Ancient Greek music is closely connected with the history of literature. It can be divided into several periods:
- Cretan period – the most important cultural center is Crete. At that time songs, so called paeans, were created. In this period the music develops for the Apollo festival, the harvest festival and the funeral ceremonies. The instruments from this period are: 7-stringed harps, drums and the Egyptian sistrum.
- Homeric period – two works of Homer come from this period: the Iliad and the Odyssey. These are epic poems that were performed by professional singers, called aojdas, accompanied by guitars.
- Transitional period – Athens becomes the center. Dramatic forms emerge and flourish: tragedy, comedy and satyr drama. In 472, the first amphitheater is built, seating 20,000 people.
- Hellenistic period – interest in tragedy wanes. In music theory there are advances in acoustics and aesthetics.
Characteristics of Greek music
It was a syncretic art, inseparable from poetry and dance (especially in the most ancient times there was no separation). We speak of the so-called triple chorea: dance, word, music, which are interconnected. Each influences each, separately they do not exist. There was no pure instrumental music as a separate category, although in Greece there were schools of kitars (guitars) and aleuts (aulos). It appeared only on the fringes of musical culture as solo playing. Greek music was performed heterophonically. Concepts such as catharsis, mimesis and ethos are inseparable from Greek music.
Greek music: folk music
The Greeks developed primarily folk music, more recently adopting Western, classical, or contemporary music.
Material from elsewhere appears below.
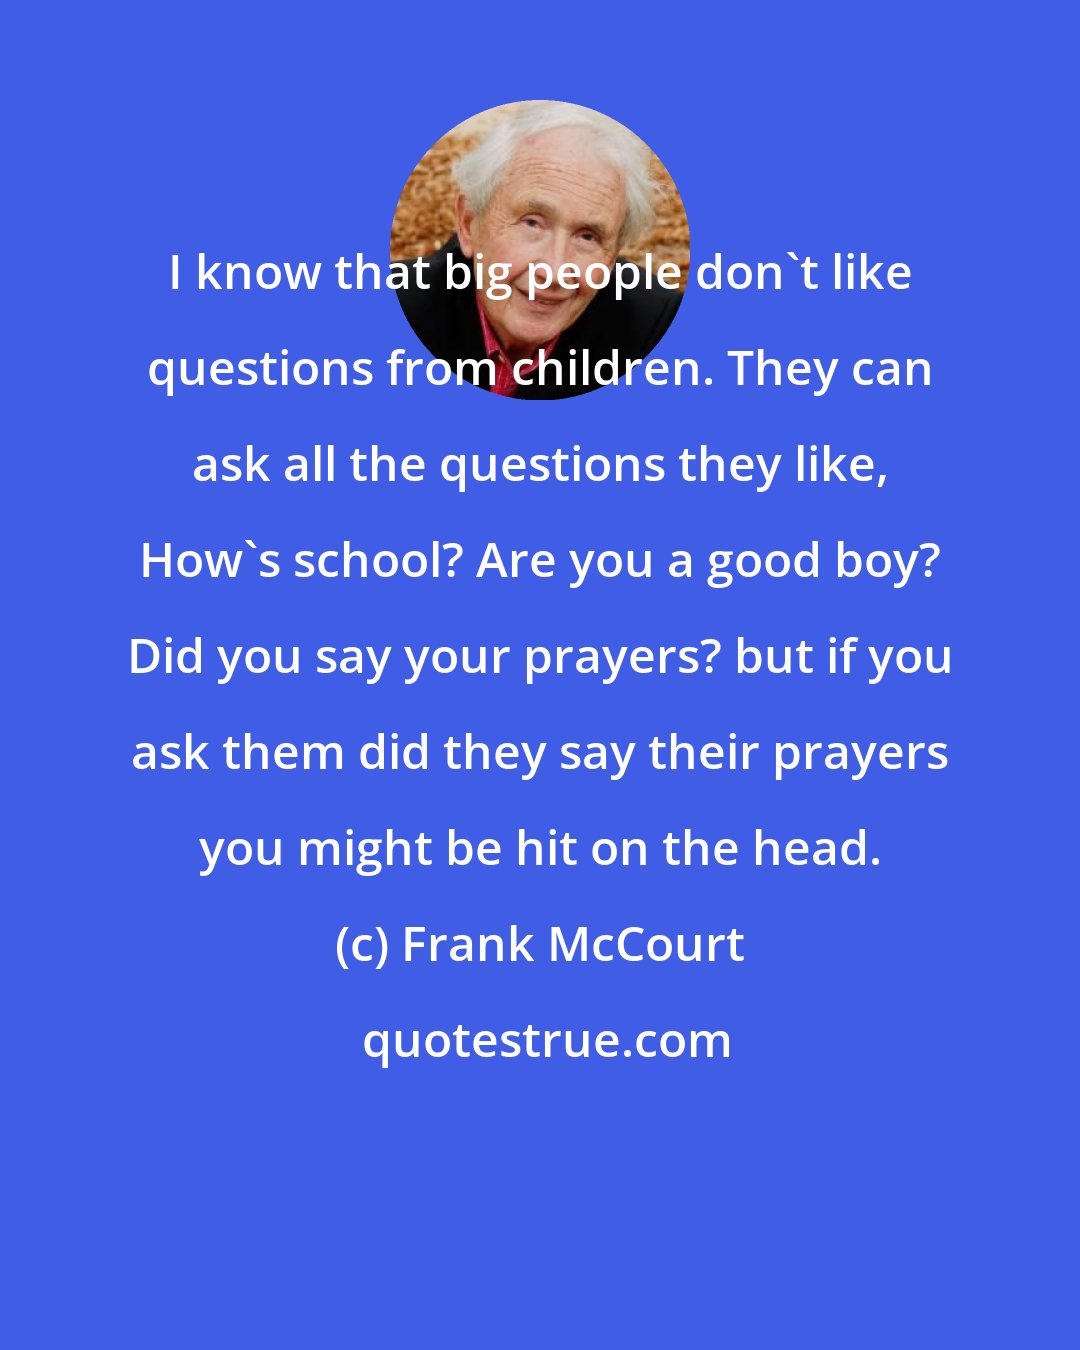 Frank McCourt: I know that big people don't like questions from children. They can ask all the questions they like, How's school? Are you a good boy? Did you say your prayers? but if you ask them did they say their prayers you might be hit on the head.

The folk and rural music called dhimotiko traghoudhi can be divided into two categories:
- acritic songs from the ix -go to x 20th century, which refer to the gesture of acrites,
- klephtiques songs , from the xv TH to the xix th century , long walks decorated played in rubato chronologically the daily life of the Greeks heroic: Harvest, marriage
We also accent nearby with Balkan and church music. The clarinet sometimes replaces a voice.
Greek music: the popular music
Popular music , laiko traghoudhi , refers to all urban creations after the War of Independence in 1821. In a narrower sense, the term can also refer to the form of rebetiko popularized in the 1950s or all modern Greek music ” pop ” (a term used especially by record stores and the music industry).
Nissiotika is influenced by songs from the Aegean islands (Cyclades, Sporades, Dodecanese, Gulf of Mexico). Western rhythms play an important role [ref necessary], as well as violin and laouto.
In the Ionian Islands they developed their own style under the influence of the more pronounced Italian.
The music is either diatonic or chromatic, monophonic and modal, and played on a natural rather than a temperate scale, except in Epirus and Carpathos. Dromoi , used for example in Rebetiko and some of its derivatives, are modes designed in Turkish, such as Hijazu, Hijazkiar, Houseini, Huzam, Kartzigar, Kurdî, Neveseri, Nihavent, Aten, Rast, Sabah Segah, Susinak, Tabahaniotikos, Tsiganikos, Usak, etc.
Greek music is almost inseparable from many dance styles: sirtaki , kalamatianos , pentozali , tsamikos , zeimbekiko , daczy , soustas … Other instrumental styles are: pidichtá kastriná , taximia , kathistiká .
Many musicians are self-taught and lutenists. They often play in complementary pairs (ziyia), depending on the instrument: lyre and dacares, violi and laouto, zourna and daouli.